Give all the lines below again, exactly, with no pictures.

* _MATERIAL PROVIDED_

▼▼▼

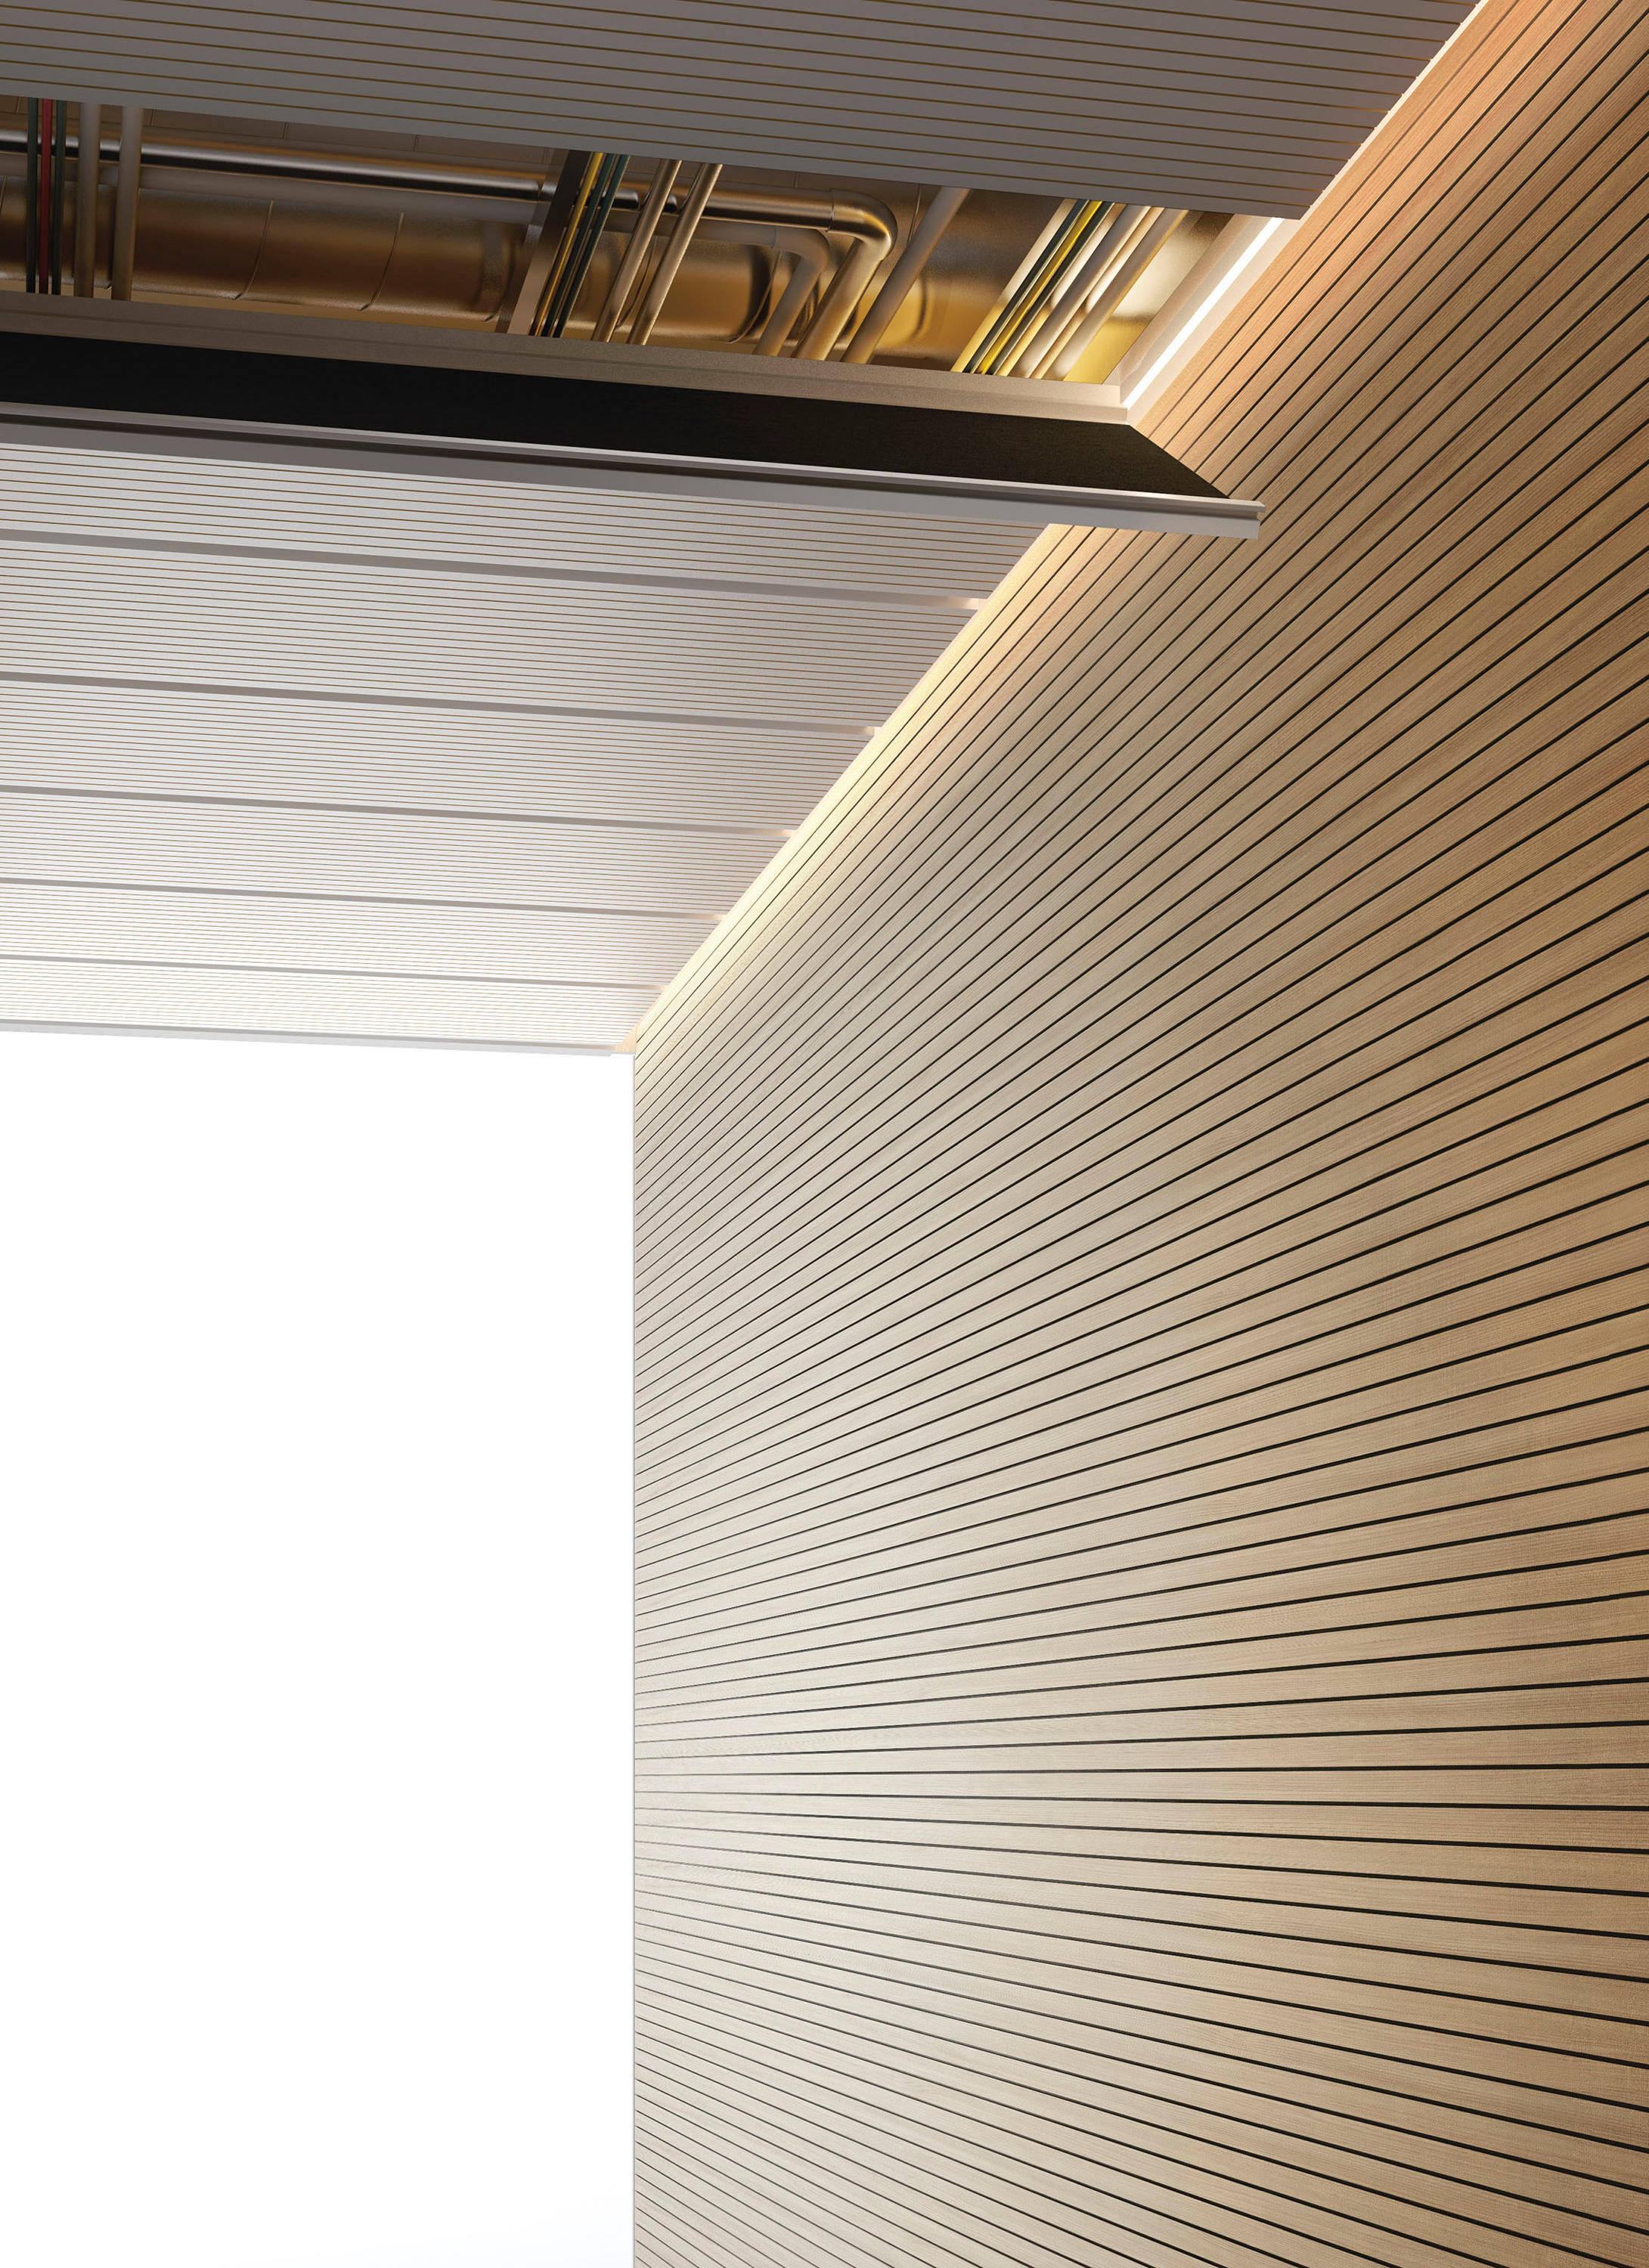 Easy Access Suspended Ceilings From Fantoni Architonic
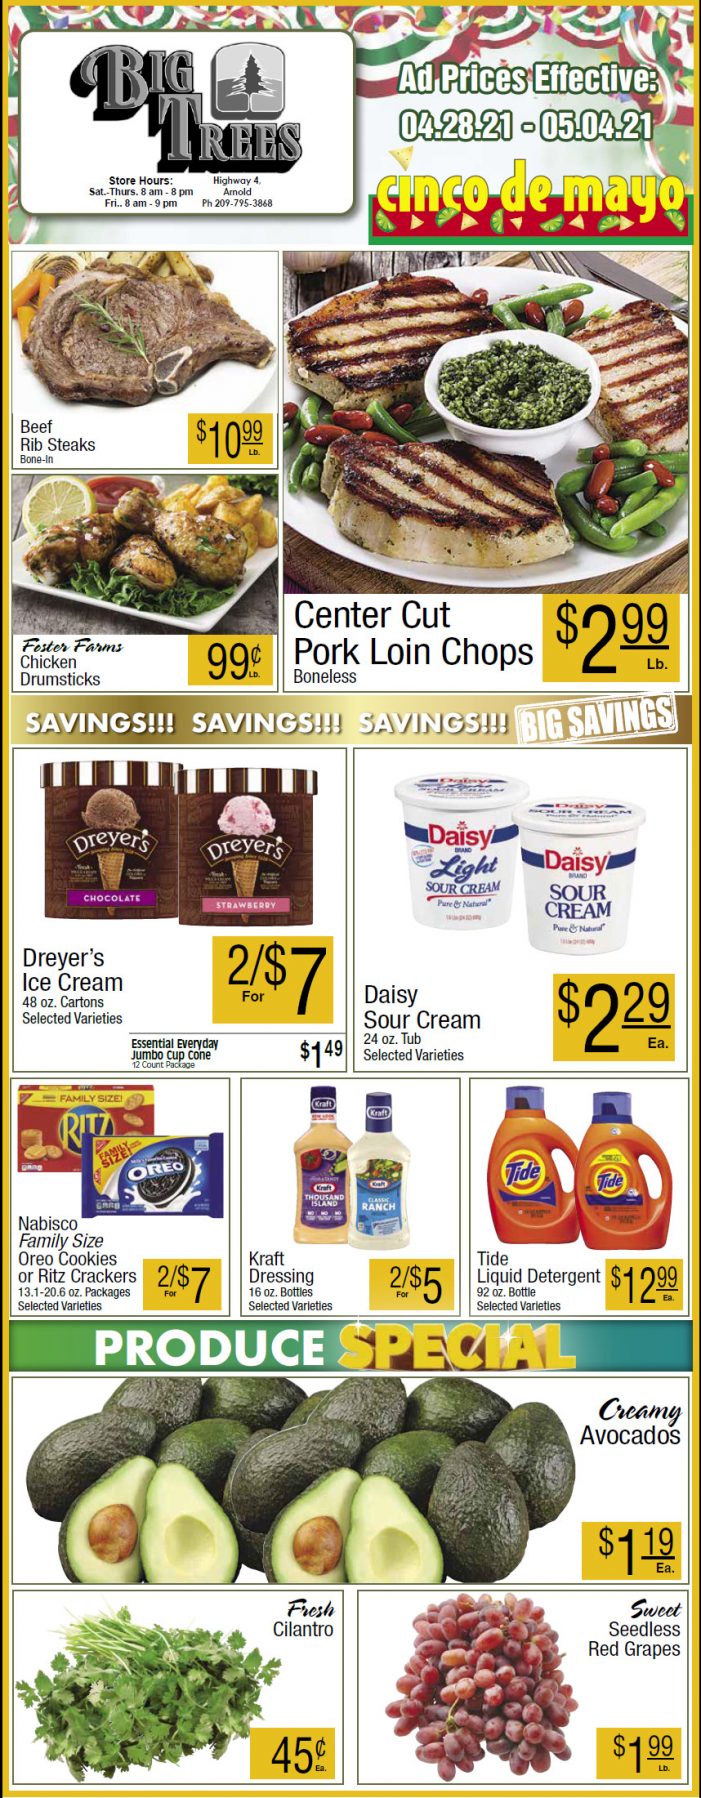 Big Trees Market Weekly Ad & Grocery Specials Through May4th!  Shop Local & Save!!
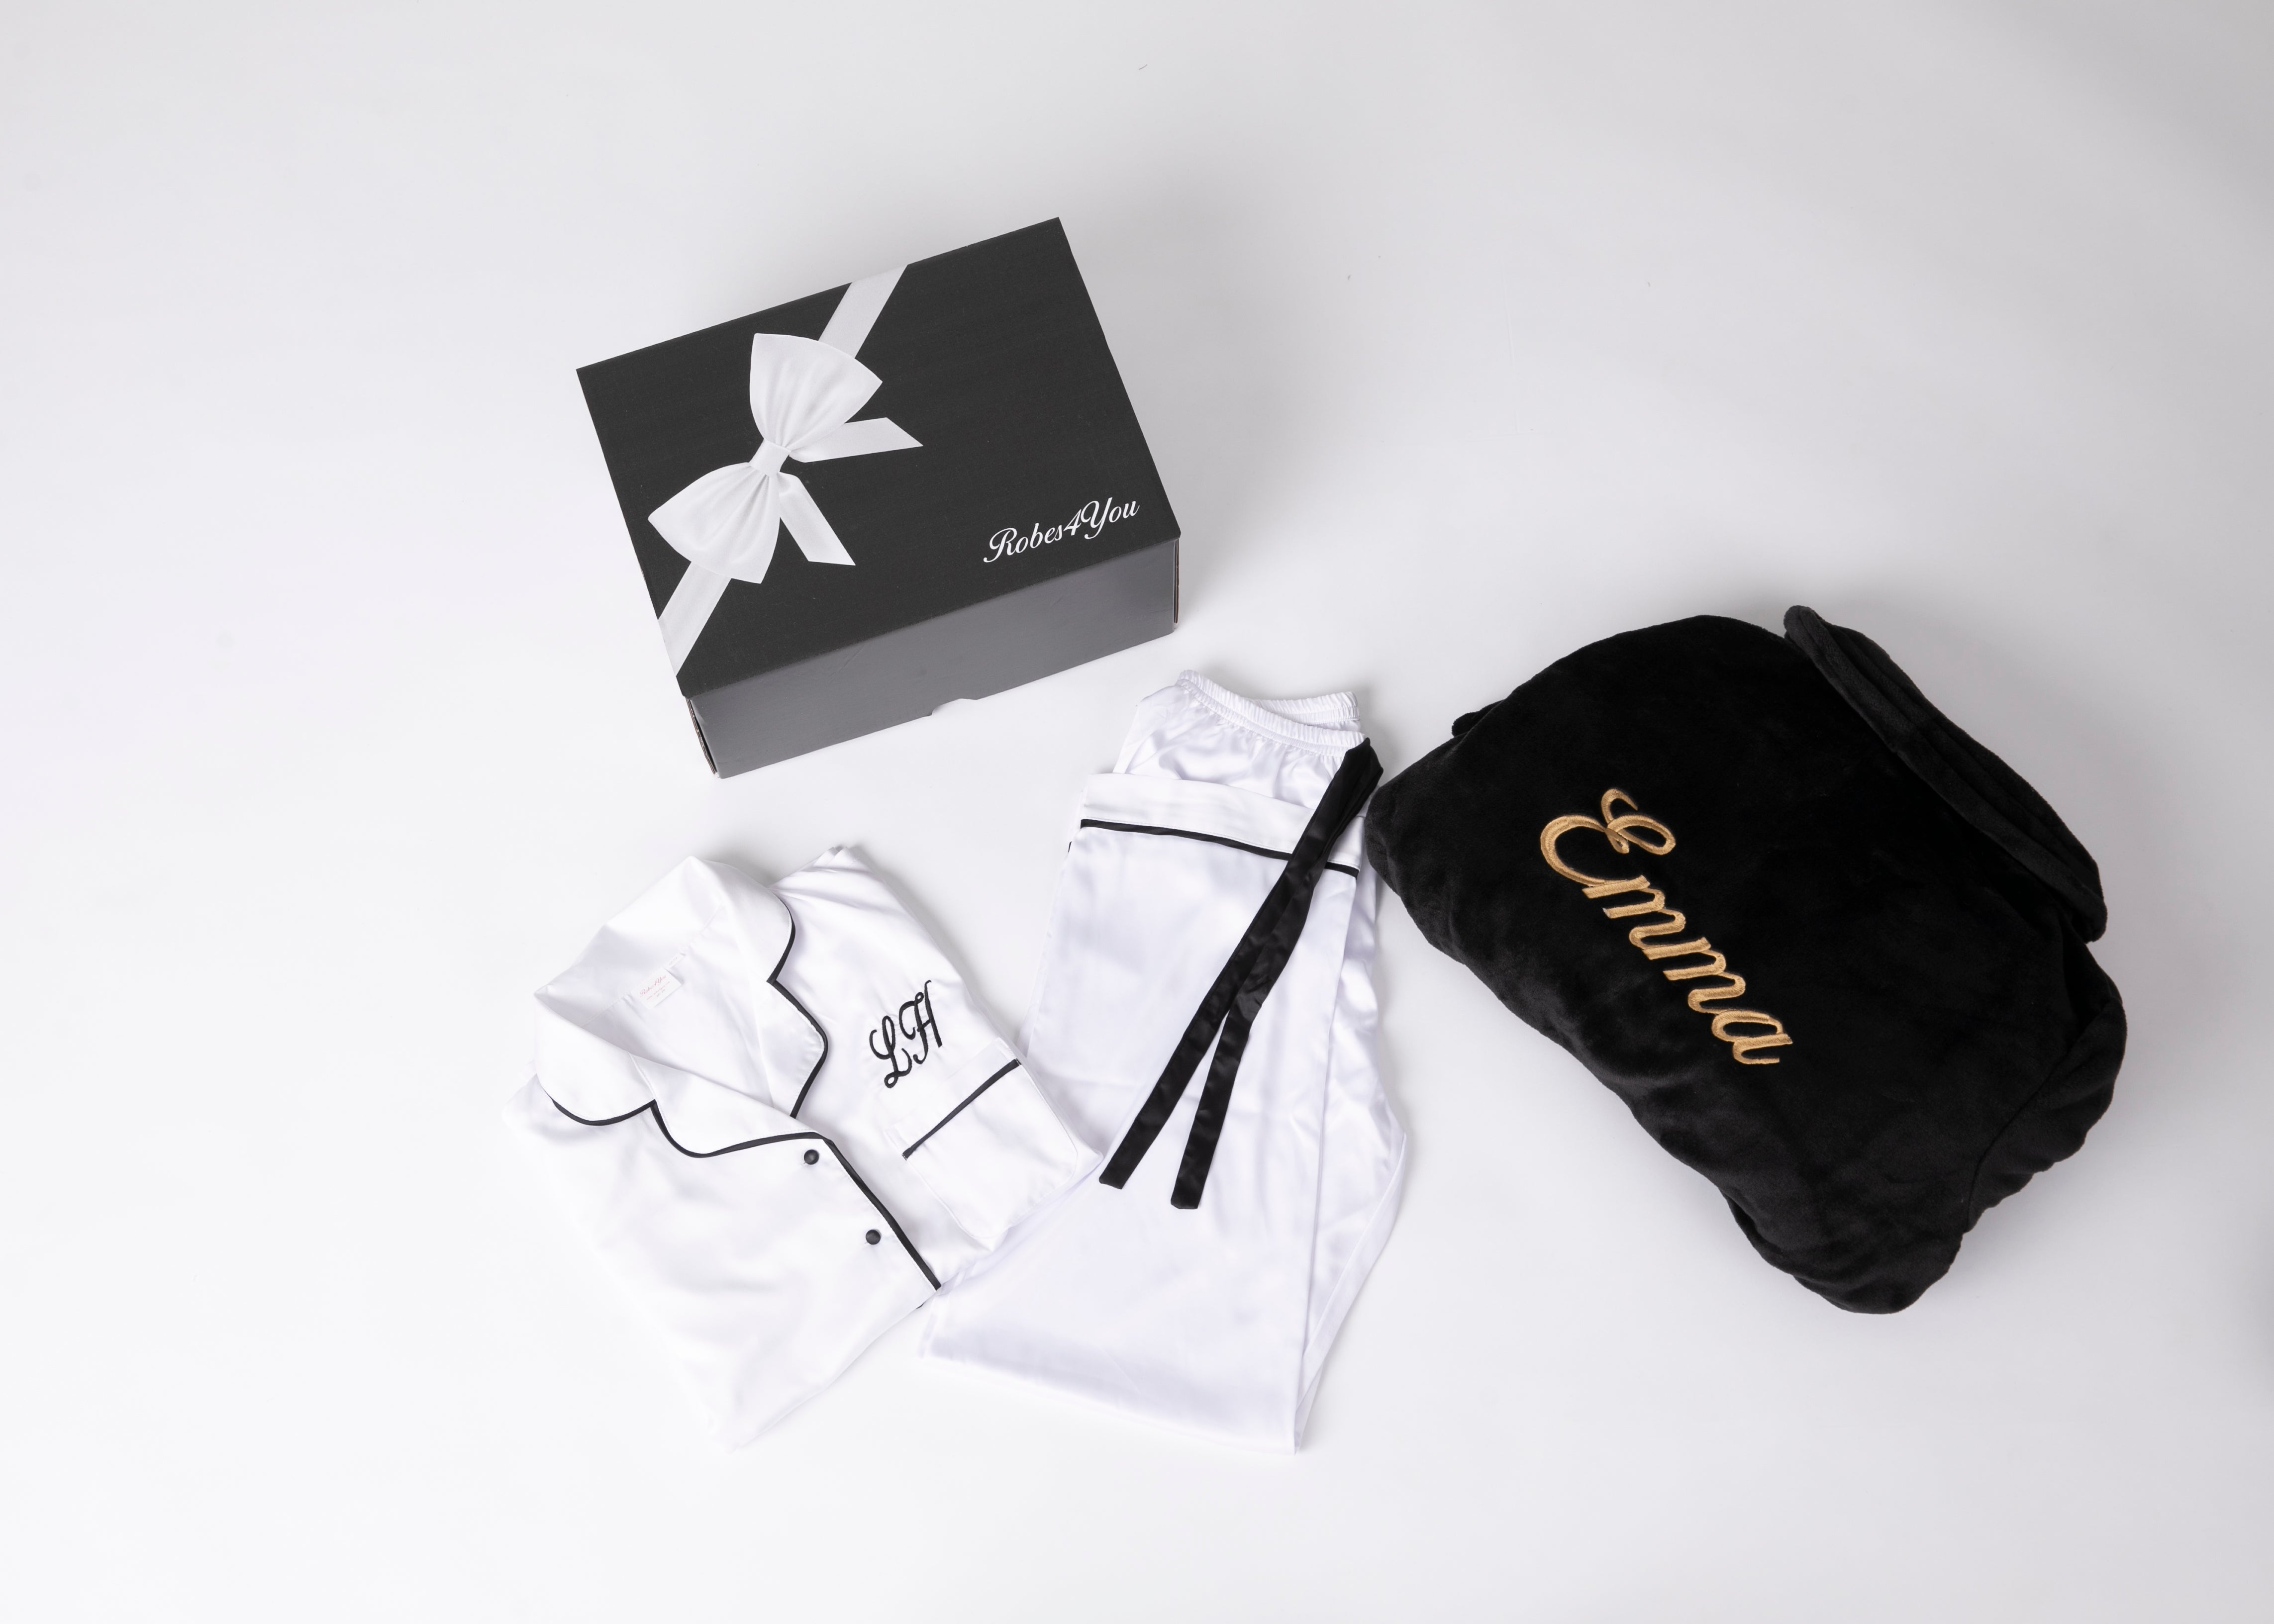 Luxurious Soft Fluffy Robe and Long Satin pyjamas presented in a gift box

▲▲▲

* _THE ANSWER_
 Easy Access Suspended Ceilings From Fantoni Architonic
 Big Trees Market Weekly Ad & Grocery Specials Through May4th!  Shop Local & Save!!
 Luxurious Soft Fluffy Robe and Long Satin pyjamas presented in a gift box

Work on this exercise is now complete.